Please welcome this guest post by Karina Fabian, author of the new book, Mind Over Psyche.

Every now and then, we have Tabata week at the gym I attend. If you don’t know Tabata, think of it as being in labor: 20 seconds of hard pushing and pain, followed by ten seconds of rest. Of course, drugs are discouraged and your trainer might not appreciate it if you snarl, “This is your fault!” but it only lasts an hour, and then you’re done until the next day. Sometimes, I enjoy going to the gym, but it had been a crazy week, anyway, and my motivation was low, even less so for Tabata, but I went. Why? Even though I didn’t look forward to going, I enjoyed having gone.

That’s how it goes with writing sometimes. There are plenty of times when I don’t feel like writing. Sometimes, other things in life seem much more important, whether planning a surprise for my husband’s retirement or doing dishes. Sometimes, it’s looking at my Amazon sales and realizing that, should something horrible happen to Rob, I would not be able to support my family on my writing. Rarely, but on occasion, a bad review or comment from someone will make me wonder why I bother. But why I bother in those moments is the same reason I bother to go to the gym: Even if I don’t want to write, I invariably enjoy having written.

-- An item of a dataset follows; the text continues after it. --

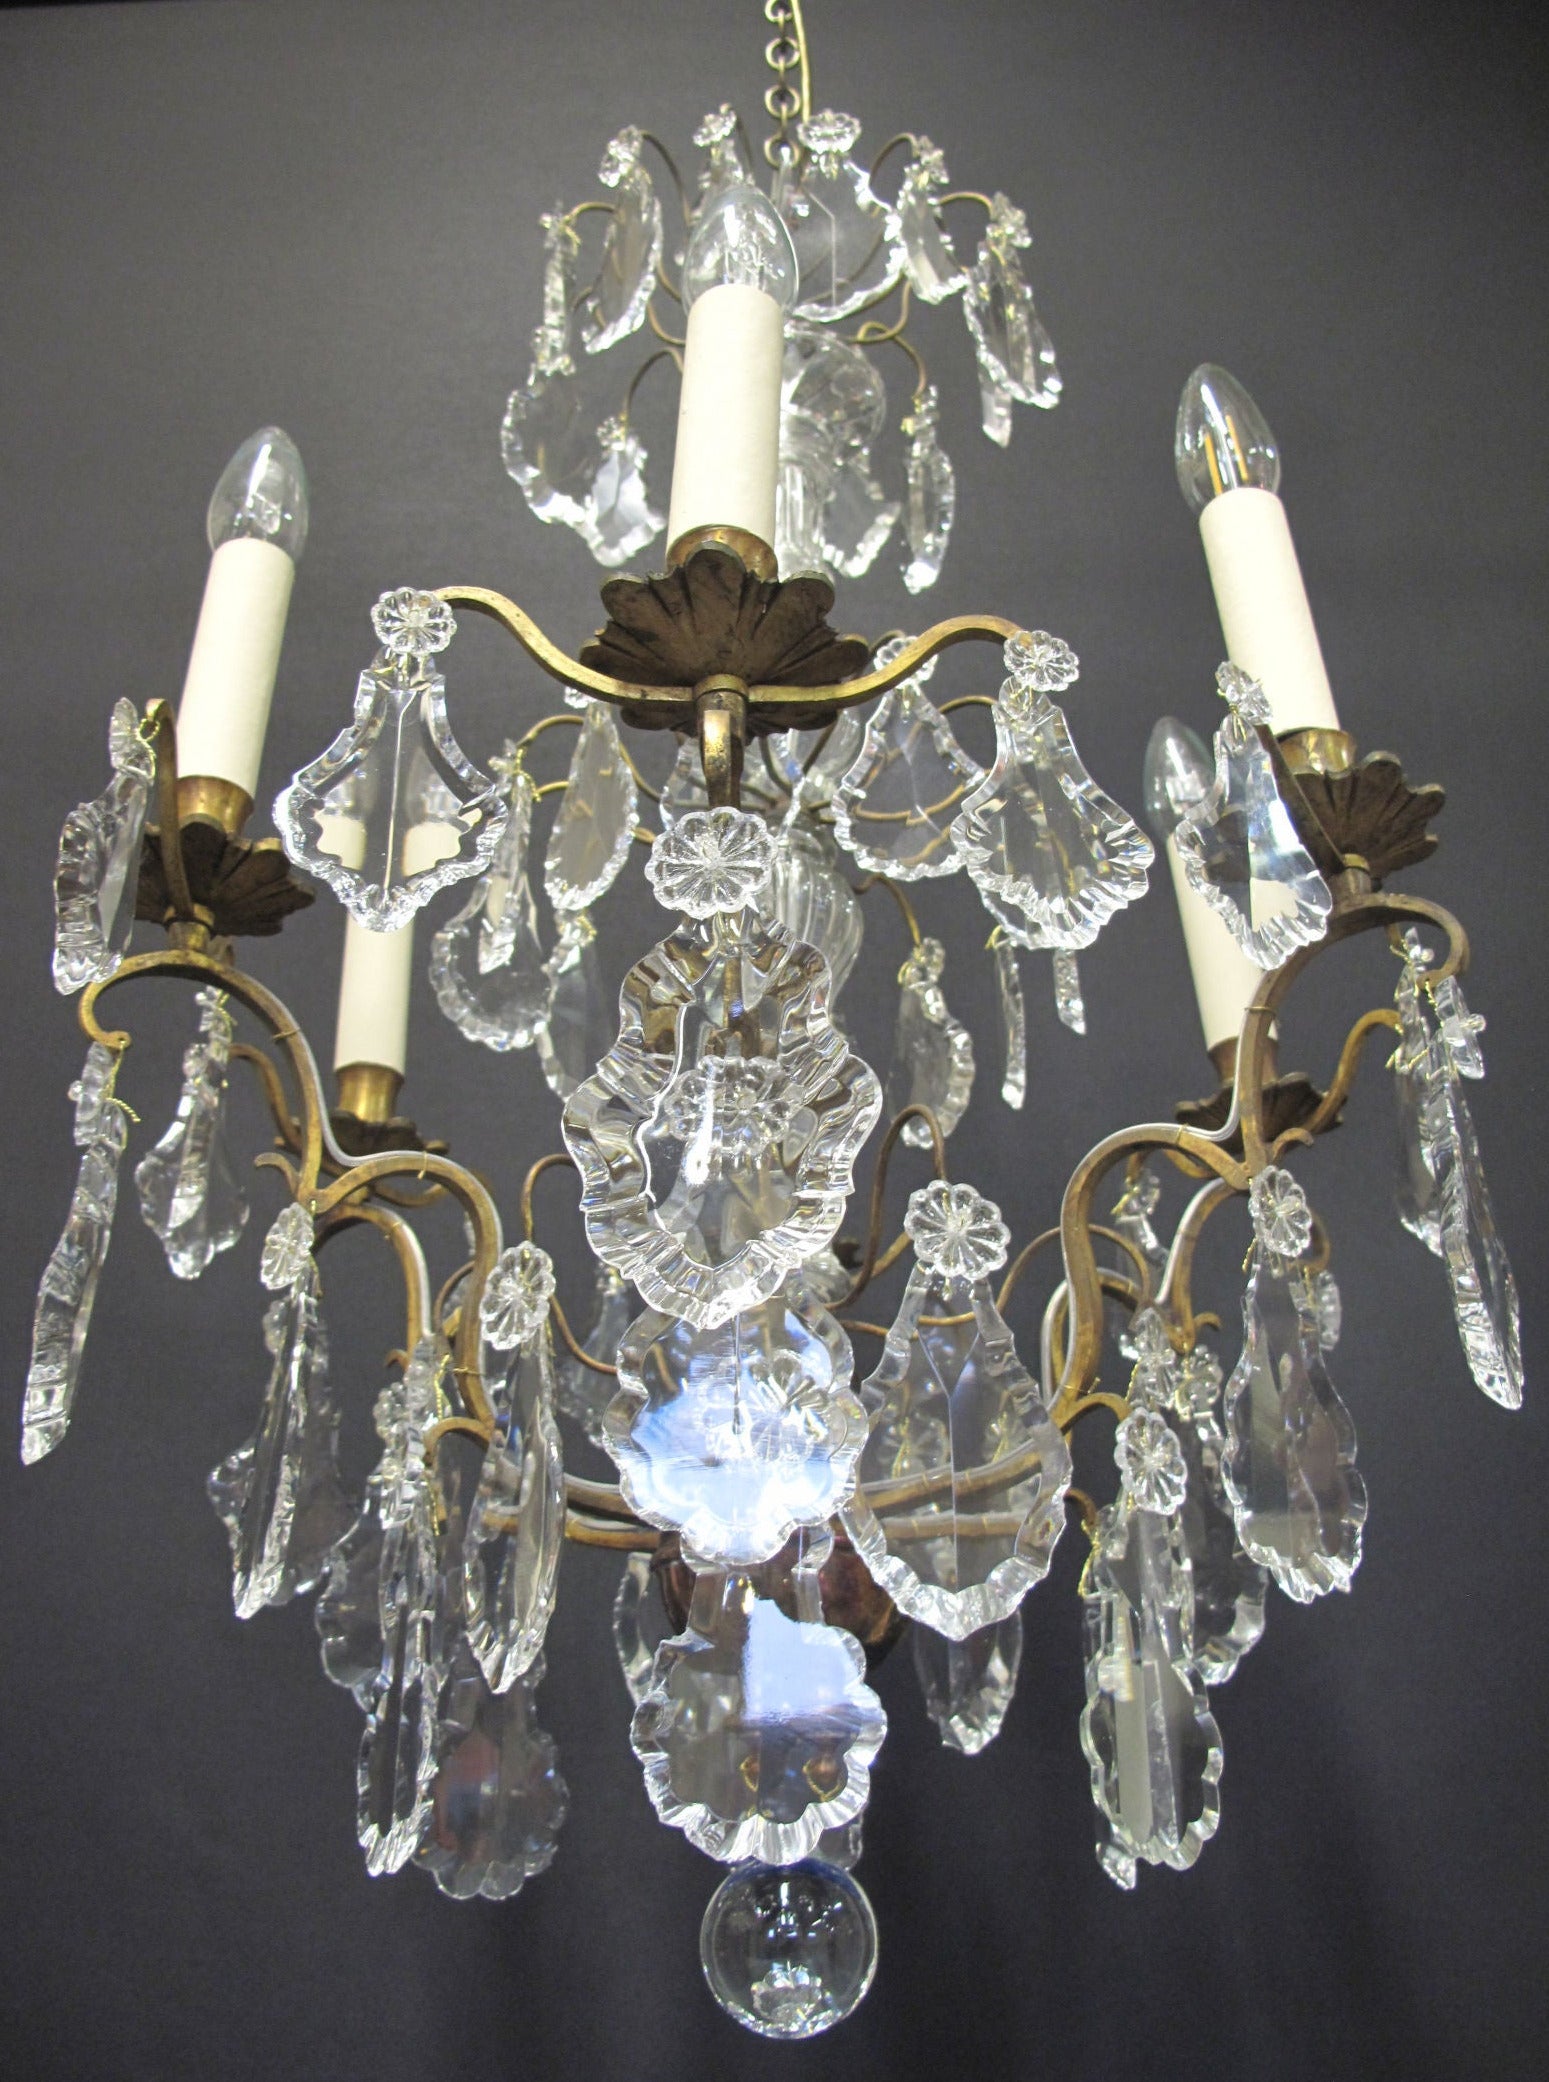 chandelier from below

There’s a definite satisfaction in a scene well crafted, a character who comes alive on the keyboard, or a sentence that makes your eyes sting with its poignancy. (Just wrote one of those today, in fact.) There’s getting that message out of the blue from a reader saying they loved my book, or from an editor asking when the next story is coming. There’s that hope that this story, this novel, will be the one to break through—but of course, that will never happen if I don’t write it. I know, too, that I’m in this for the long term. I love writing. I love having written, and I love going back over my own stories and marveling anew at the adventures I lived without ever leaving my chair.

After eight months at the gym, including four or five weeks of Tabata, I’ve lost 25 pounds. That puts me at just under 145. One of the ladies asked me what my ultimate goal was. I suppose I could go for 120 or 125, which is what my weight from my teens to my early thirties, but I realize that it doesn’t matter as much to me, any longer. Maybe I’ll get there, but if I can stay around 140 and keep going with my exercising, then I’m satisfied.

You know, I have to keep that same attitude with my writing. Someday, I may make the NYT best-seller list. I may find my Amazon sales grow enough to let my husband quit his day job. But if that never happens, then if I can keep writing and producing and find readers who love my work, then I’m satisfied. Even when my motivation is low, and things around me discourage me from my craft, I keep pounding away at those words, the same way I pound away at the weights (minus the labor-like groaning, of course.)

After all, the real satisfaction is in having written.